* EXERCISE DIRECTIONS
Restating the data word for word is all that is required.

* GIVEN INFORMATION
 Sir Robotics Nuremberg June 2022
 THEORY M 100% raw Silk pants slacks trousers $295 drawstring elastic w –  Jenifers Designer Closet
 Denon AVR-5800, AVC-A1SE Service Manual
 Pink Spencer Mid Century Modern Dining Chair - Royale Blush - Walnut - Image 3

* WRITTEN ANSWER
 Sir Robotics Nuremberg June 2022
 THEORY M 100% raw Silk pants slacks trousers $295 drawstring elastic w –  Jenifers Designer Closet
 Denon AVR-5800, AVC-A1SE Service Manual
 Pink Spencer Mid Century Modern Dining Chair - Royale Blush - Walnut - Image 3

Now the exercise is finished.